The school systems on both sides of the city proved popular, with overcrowding becoming an issue by the end of the 1860s. Out of necessity, both districts built dedicated elementary schools.

=== 1884-1900: One school district ===
In 1884, the city of Rockford consolidated its separate school districts into a single citywide school district; a referendum to create a separate school board lost, keeping the schools under city control. As part of the unification, the two overcrowded schools serving high school grades were replaced by a centrally located dedicated high school, with Rockford Central High School opening in 1885.

During the 1890s, the school district began a campaign of school expansion and updates, replacing several stone school buildings with brick ones. In what has become a long-running tradition, school names were renamed from individual city wards to take on the names of historical Rockford citizens.

=== 1900-1950 ===
As Rockford expanded during the first decades of the 20th century, so did the school district, adding several elementary schools. By 1915, Rockford Central High had undergone three additions (in 1900, 1906, 1913), with the school district purchasing an additional building adjacent to the school in 1917. To partially address the overcrowding, the school district constructed two junior high schools in the early 1920s. As a further stopgap, 9th grade students were moved out of Central High School after their construction.

By the mid-1930s, the population of Rockford (which had grown seven-fold since 1885) had outgrown its single high school. In addition, the condition of Rockford Central High was considered too deteriorated to house students. In 1938, the school board approved $3 million in funding to build two new high schools to replace Rockford Central, with 45% of the budget funded by Works Progress Administration. Opened in 1940, Rockford East High School and Rockford West High School became the fourth and fifth secondary schools of the district (alongside a second west-side junior also high opened in 1940).

=== 1950-2000 ===
During the 1950s, Rockford underwent a significant period of population growth, becoming the second-largest city in Illinois. Coinciding with population growth, the city saw significant expansion away from the river westward and eastward. The creation of entirely new neighborhoods in the city led to construction of several elementary and junior high schools. By the early 1960s, the expansion outward led to the need for two more high schools, Rockford Auburn on the northwest side and Rockford Guilford on the northeast side. Rockford Jefferson on the southeast side was built in 1977 as a fifth high school (replacing a previous high school of the same name opened in 1956 as a junior high).

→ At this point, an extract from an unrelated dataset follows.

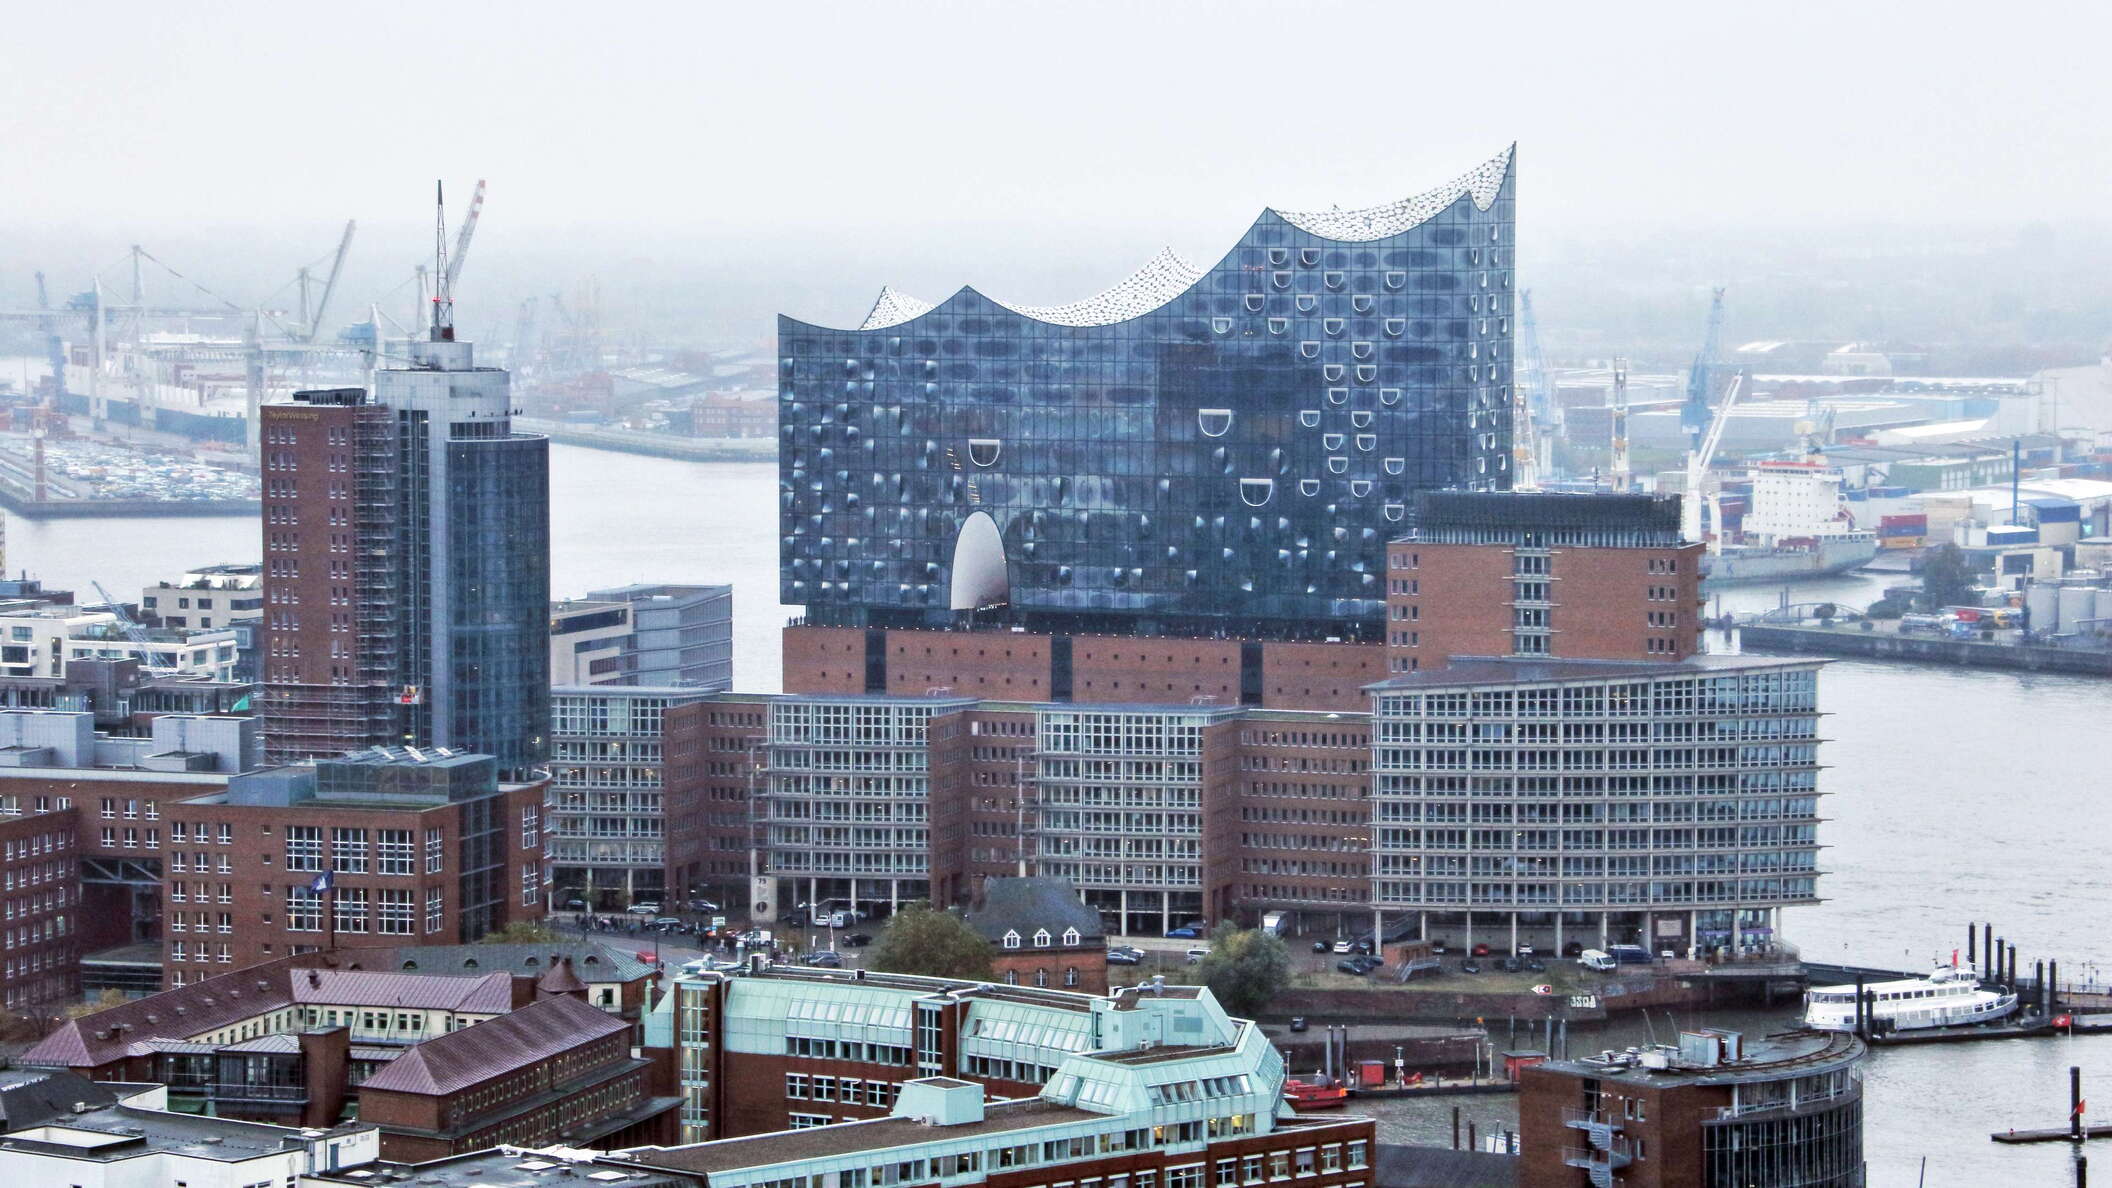 Hamburg | Elbphilharmonie
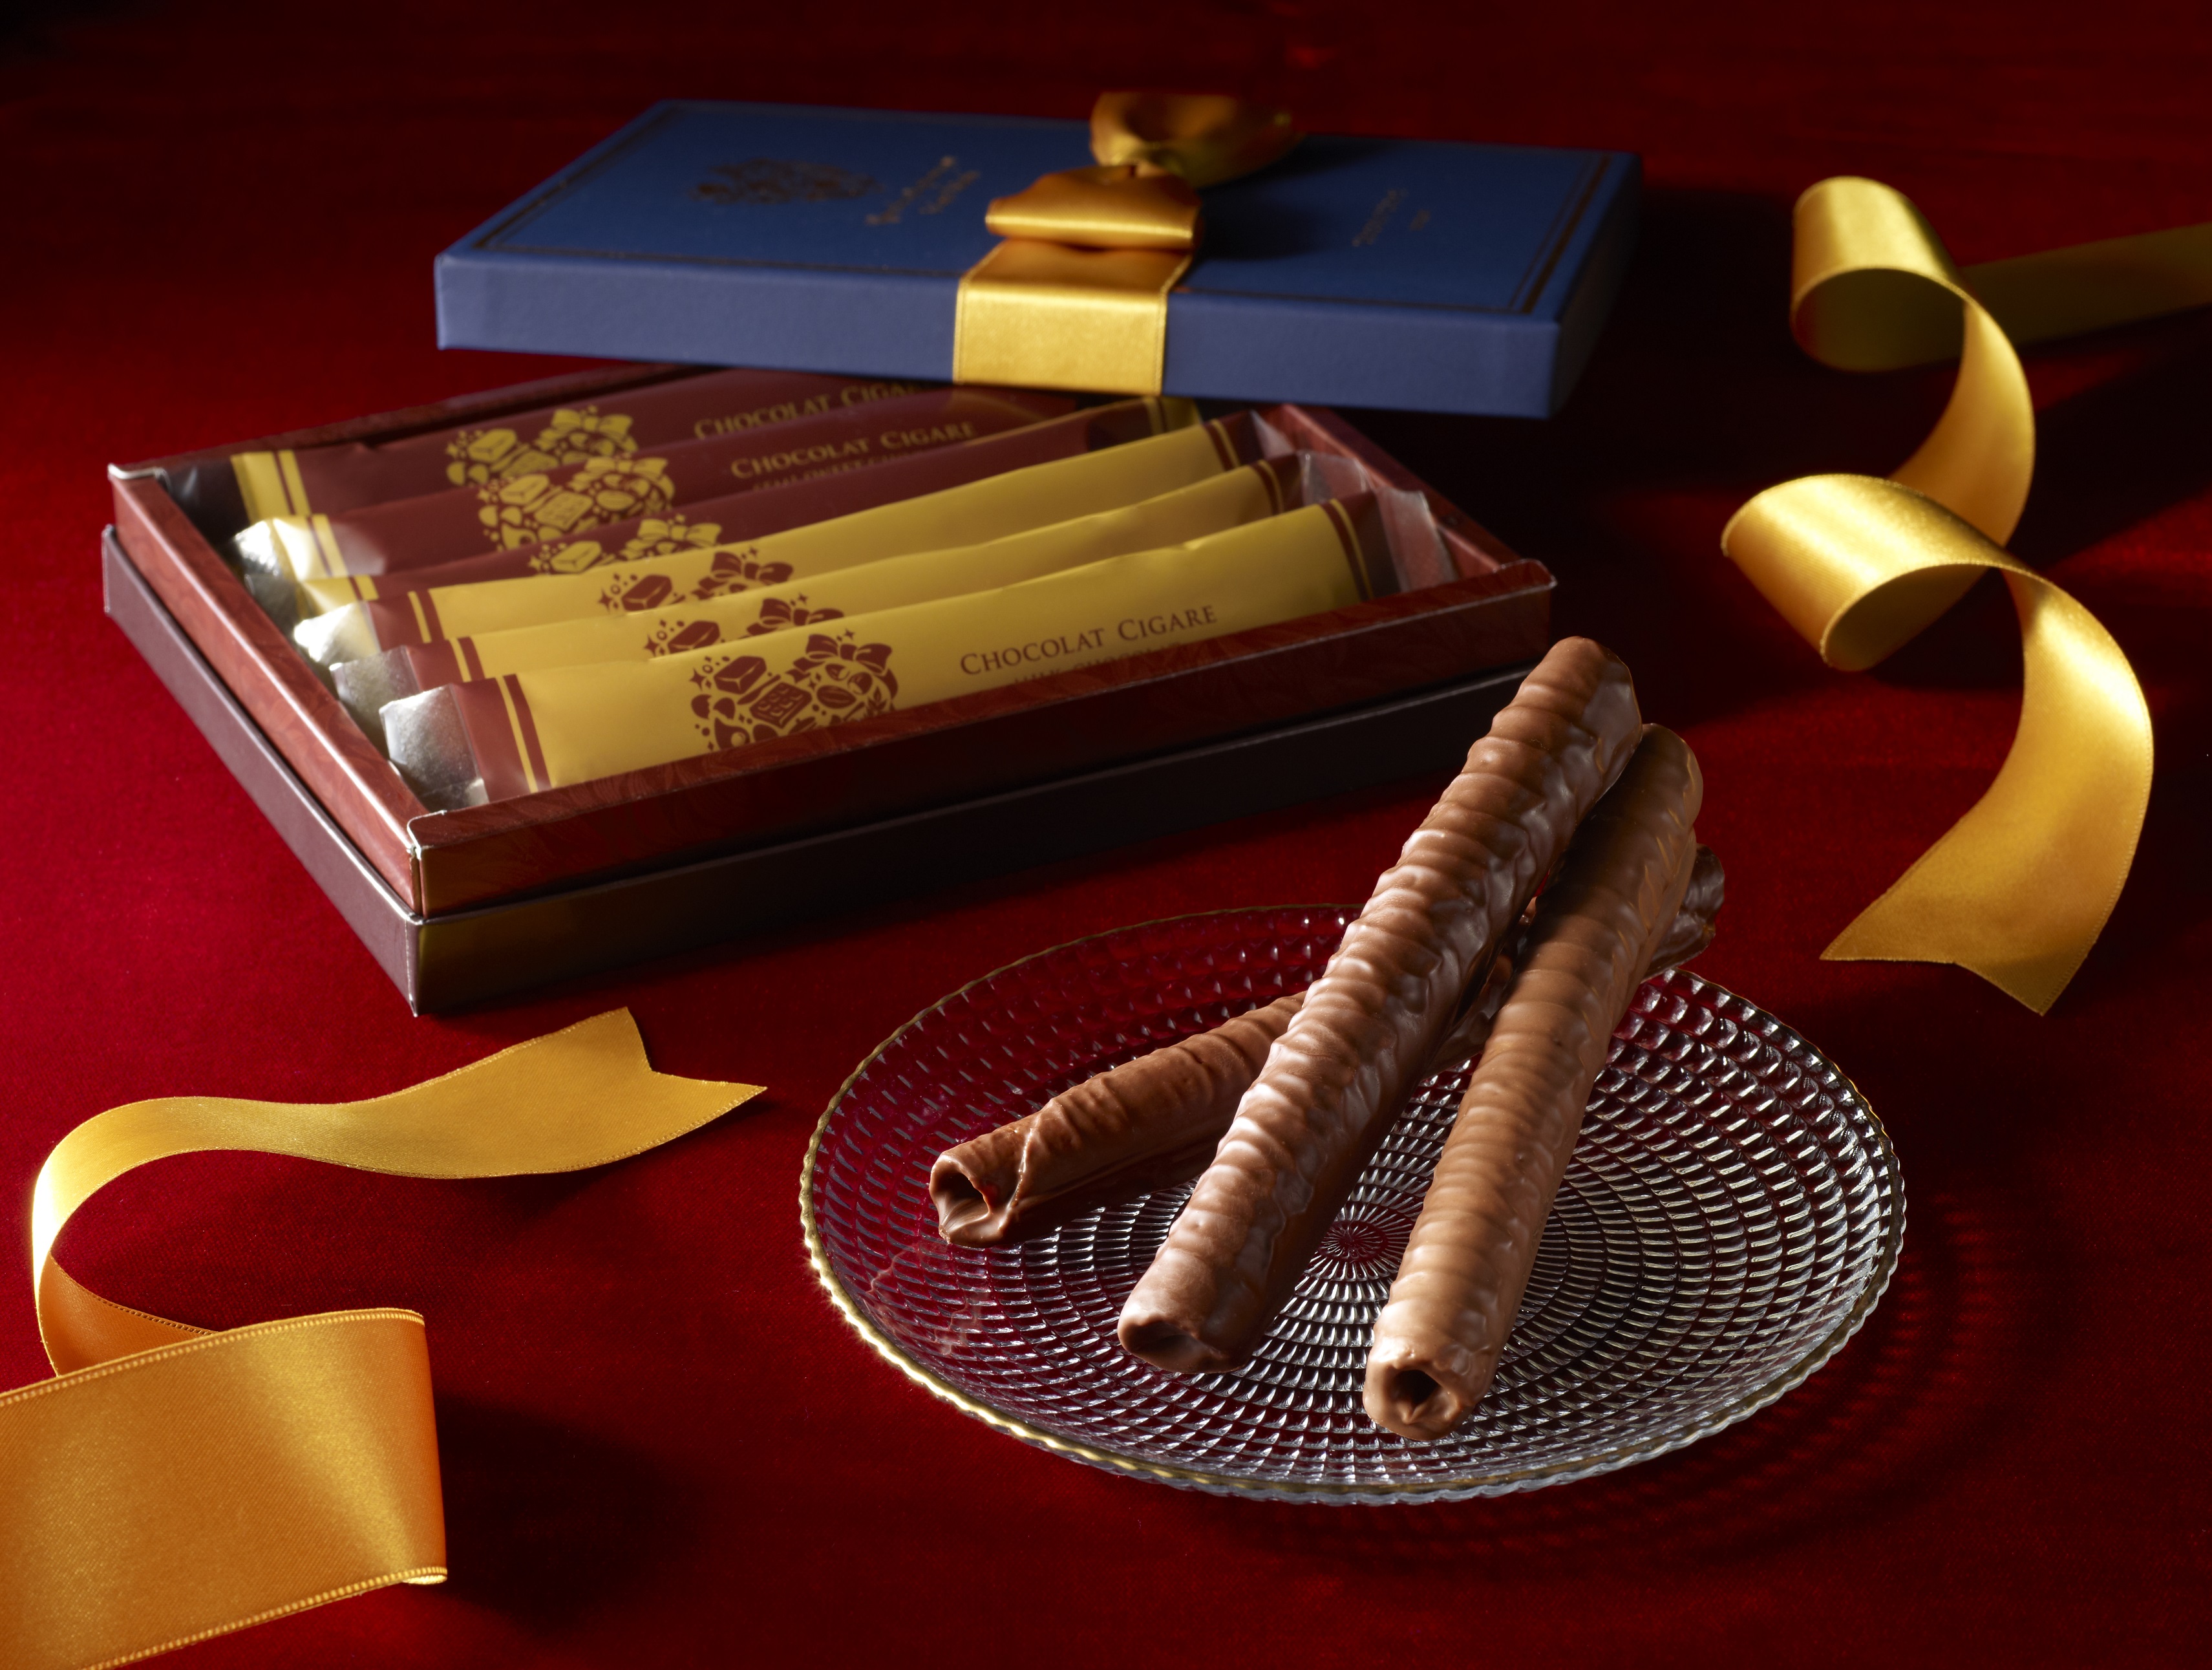 シガール R をチョコレートで贅沢に包み込んだ ショコラ シガール 登場 株式会社ヨックモックのプレスリリース

During much of the 1990s, the Rockford school district underwent a period of required school desegregation as part of a class-action lawsuit.

== Governance ==
Rockford Public Schools elects seven Board of Education members to oversee the district. They appoint a superintendent to carry out day-to-day district operations. The current Board of Education members are Paul Carpenter (President), Nicole Bennett (vice-president), June Stanford, Patricia Chavez, Kimberly Haley, Tiana McCall, and Denise Pearson. As of the 2025–2026 school year, Dr. Ehren Jarret is the superintendent however he will be set to take on a new superintendent job at Hononegah Community High School District #207. Larry Huff will succeed him as superintendent of Rockford Public Schools.

==Schools==

With 45 schools in total, Rockford Public Schools has the third-largest number of schools of any district in the state. The district consists of four high schools, six middle schools, and 29 elementary schools. Beginning with the class of 2021, graduates of the Rockford Public Schools and residents within the city of Rockford with a cumulative 3.0 GPA can attend Northern Illinois University tuition free. This location-based scholarship program is a partnership between Rockford Public Schools, Northern Illinois University, Rockford Promise and the city of Rockford.